Editing Slavery Out of the Constitution
Originalists must be careful not to overlook the fact that the Constitution had as one of its primary intentions the protection of slave property?
Charles Krauthammer this morning praises Republicans for upholding "constitutionalism," which Krauthammer defines as
the intellectual counterpart and spiritual progeny of the “originalism” movement in jurisprudence. Judicial “originalists” (led by Antonin Scalia and other notable conservative jurists) insist that legal interpretation be bound by the text of the Constitution as understood by those who wrote it and their contemporaries.
But this call to intellectual arms raises a question. The Constitution "as understood by those who wrote it and their contemporaries" had as one of its primary intentions the protection of slave property.
Article IV, Section 2 required free states to return runaway slaves to their owners.
Article I, Section 2 - the notorious “three-fifths clause” - conferred disproportionate power within the national government to slaveholding states. (Absent the 3/5 clause, for example, John Adams would have defeated Thomas Jefferson in the presidential election of 1800.)
That same three-fifths clause also effectively prohibited Congress from using its taxing power to suppress slavery.
Article I, Section 9, protected the slave trade for 20 years, also creating a 20 year window for slave states to bulk up their numbers under the 3/5 clause.
Slaves were among the most valuable forms of property protected by the Fifth Amendment: by some calculations, the cash value of the slave property of the South exceeded the value of all real estate in the South.
Slavery was not some minor dispensable detail. It was integral to the whole system of government as originally intended, and it took a terrible war to put an end to the consequences of that original intent.
(One of the most poignantly ignorant things said during the debate over the reading of the Constitution was this, at the Ace of Spades blog: "[L]et's maybe be a little reverential about observing the rules that have kept this a functioning, peaceful democracy for 230 years." A peaceful democracy for 230 years? Tell it at Gettysburg.)

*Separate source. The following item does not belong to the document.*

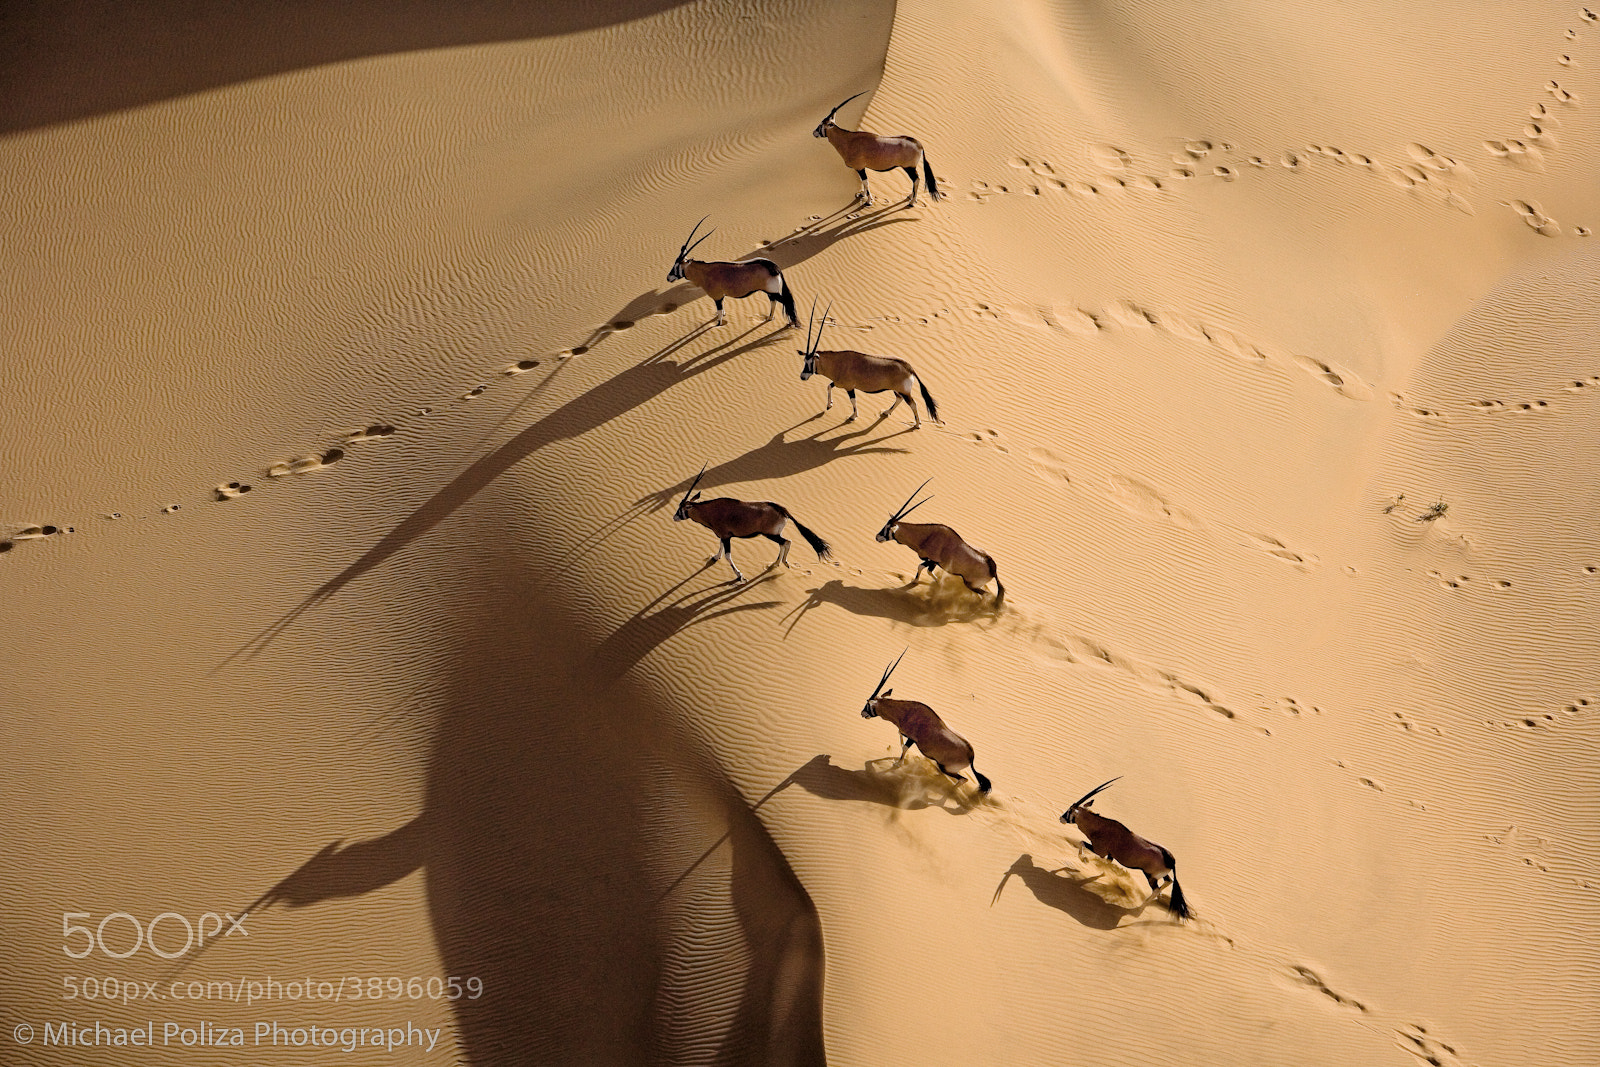 Photograph Gemsbok Herd by Michael Poliza on 500px

Slavery has been dead and gone a long time, and a busy modern Congress facing a huge array of urgent business has no particular need to re-debate issues settled a century and a half ago. But - BUT! - if you noisily proclaim your intention to rededicate the US government to - in Krauthammer's phrase- the original intent of the authors of the Constitution, there's something more than a little creepy about editing the document in ways precisely and specifically intended to conceal one of the most important elements of that intent.
UPDATE:
Commenters below ask: what's wrong with reading aloud the text of the Constitution as now in force? Answer: of course nothing.*
My blog post concerned a different point, Charles Krauthammer's suggestion that the new "constitutionalism" we are hearing about is a movement devoted to enforcing the Constitution (in Dr K's words) "as understood by those who wrote it and their contemporaries."

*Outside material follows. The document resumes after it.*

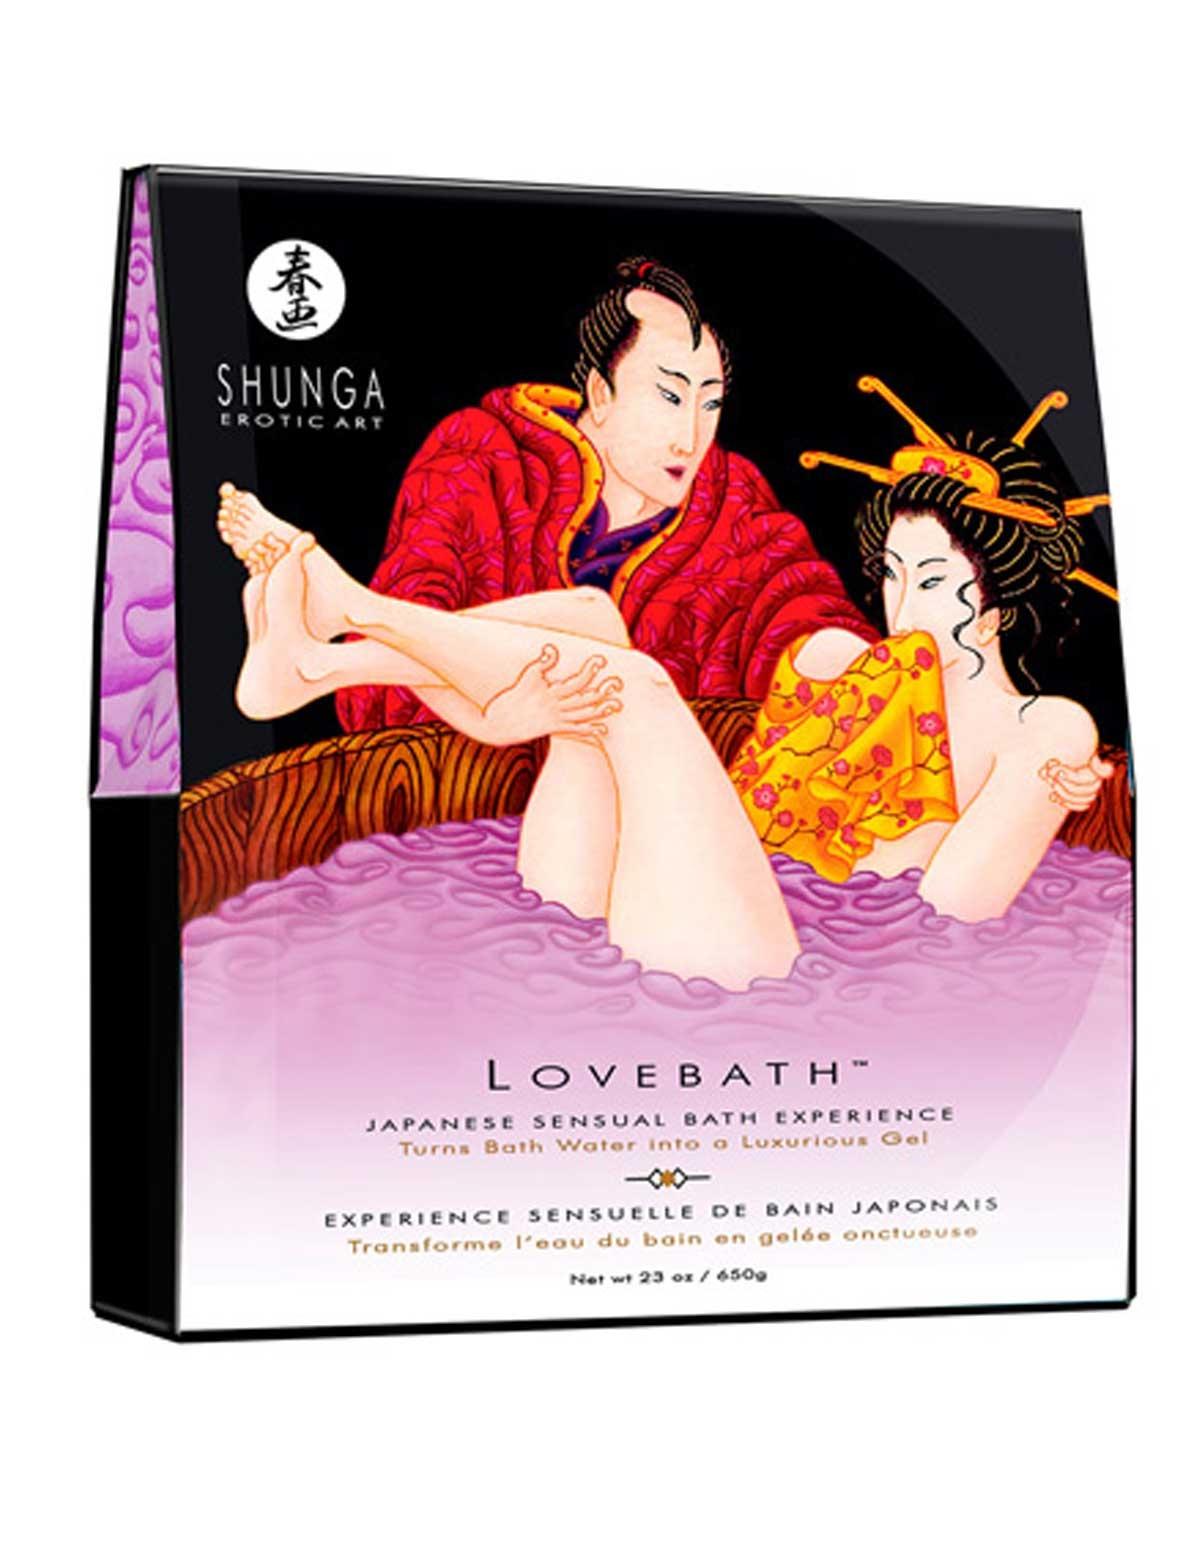 Sensual Lotus Lovebath Bath Gel

It is if we want to understand that constitution - the Constitution as written in 1787 - that the excision of slavery references becomes so troublesome. The commenters who say that slavery has been removed from the Constitution of 2010 are correct. But you can't simultaneously say that the "real" Constitution is the Constitution that people had in mind in 1787 - and then only partially reproduce that 1787 Constitution as it was. On the other hand, if what matters is the Constitution as we have it, then James Bingham is as much a framer of the Constitution as John Madison - and the ideas and beliefs of the winners of the Civil War are as relevant to the meaning of the Constitution as the ideas and beliefs of the winners of the Revolutionary War.
* Other of course than the not very subtle insinutation that your political opponents are less respectful of the Constitution than you, but then the Democrats did a lot of that during the Bush years. Turnabout is fair play.